Running these machines costs a lot of money. If I’m running 24/7 and capturing 1,000 tons of carbon a year, OK. If I’m only running half the time, capturing 500 tons a year, the dollar per ton just doubled. The capital cost is still the same. That’s the problem with all of these capital-intensive processes: You need them to operate a significant amount of the time. Usually you shoot for 85[%] to 90% of the time.

$100 per ton is just a target to aspire to. What’s wrong with that?

I just like to deal with facts. I think it’s disingenuous. If you’re really interested in solving climate change, you’ve got to level with people.

Estimates from the U.N. and other sources say that if we want to get to where we need to be, we may need to remove 10 billion tons of carbon dioxide a year by midcentury. Do you agree with that?

It’s at minimum a few billion tons a year, because there are certain sectors that are really hard to decarbonize. A part of that depends on how expensive you think these different sectors are to do, and then how expensive you think the offsets are going to be.

It’s very frustrating.
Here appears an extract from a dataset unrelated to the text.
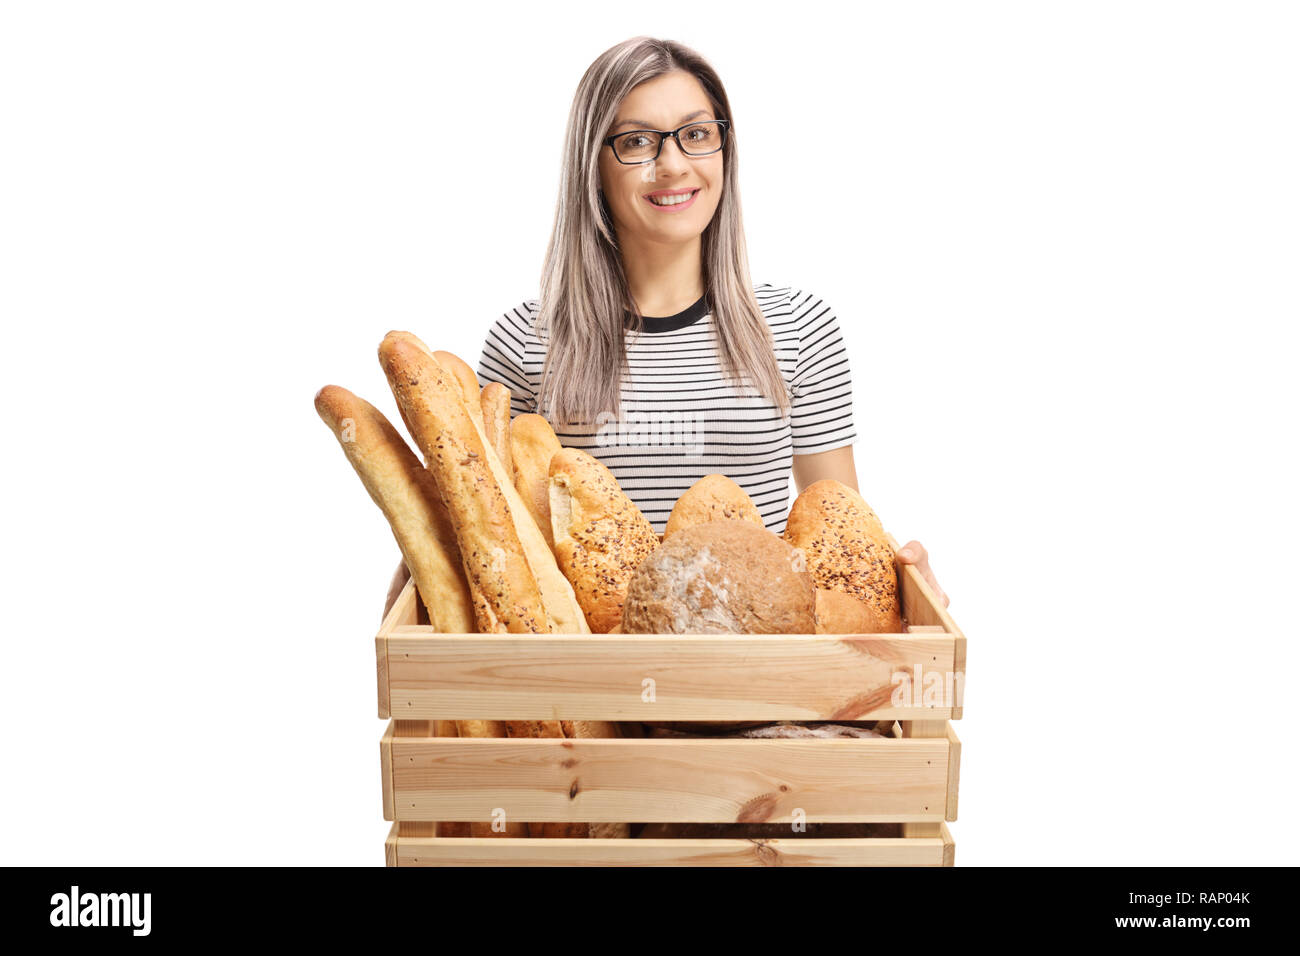 Lächelnde junge Frau mit einer Kiste voller Brot Laibe auf weißem Hintergrund Stockfoto

When people think things are too easy, they won’t address the hard decisions, even though those hard decisions may end up with a better solution.

Say I want to decarbonize airplane biofuels and that costs me $700 per ton. If I can capture carbon from the air for $500 per ton, why not just keep emitting the carbon dioxide out of the airplane and capture the air to offset it? And it’s cheaper by $200 per ton. So that’s the driving force. And so I would say that even direct air capture at $500 a ton will have a benefit. For offsets like DAC, they’re going to be more effective for anything that costs more than their price. And so you have to look at the whole system.

It gets more complicated, because there are quite a few negative emissions technologies. DAC isn’t the only one. And none of them are unlimited in their application. If you have a technology that can give you unlimited carbon removal at $100 a ton, that’s nirvana. We’re done, we’ve solved that problem.

If $600 to $1,000 per ton is the likely cost of CDR, what role do you think it will play to get to net zero?

The question is, will there be other, cheaper offsets than that? Every offset has problems. Offsets from bioenergy with carbon capture and storage are cheaper and much more doable. The big issue is the biomass feedstock: how much there is and what the cost will be. Another option, one that I really like, is called liming the ocean. But politically, it’s a nightmare. Think about throwing a chemical in the middle of the ocean. Just think of the protest. But even today, by putting carbon dioxide in the atmosphere, most of that ends up in the ocean.

It’s very frustrating. When people think things are too easy, they won’t address the hard decisions, even though those hard decisions may end up with a better solution. At this point, I don’t know if liming the ocean is a great idea or not, but it has a lot of potential, and we have to look at things like that if we want to get to net zero. And people say capturing carbon dioxide from the air for $100 per ton will get us to net zero. But if it’s a fantasy, it’s not going to get us there.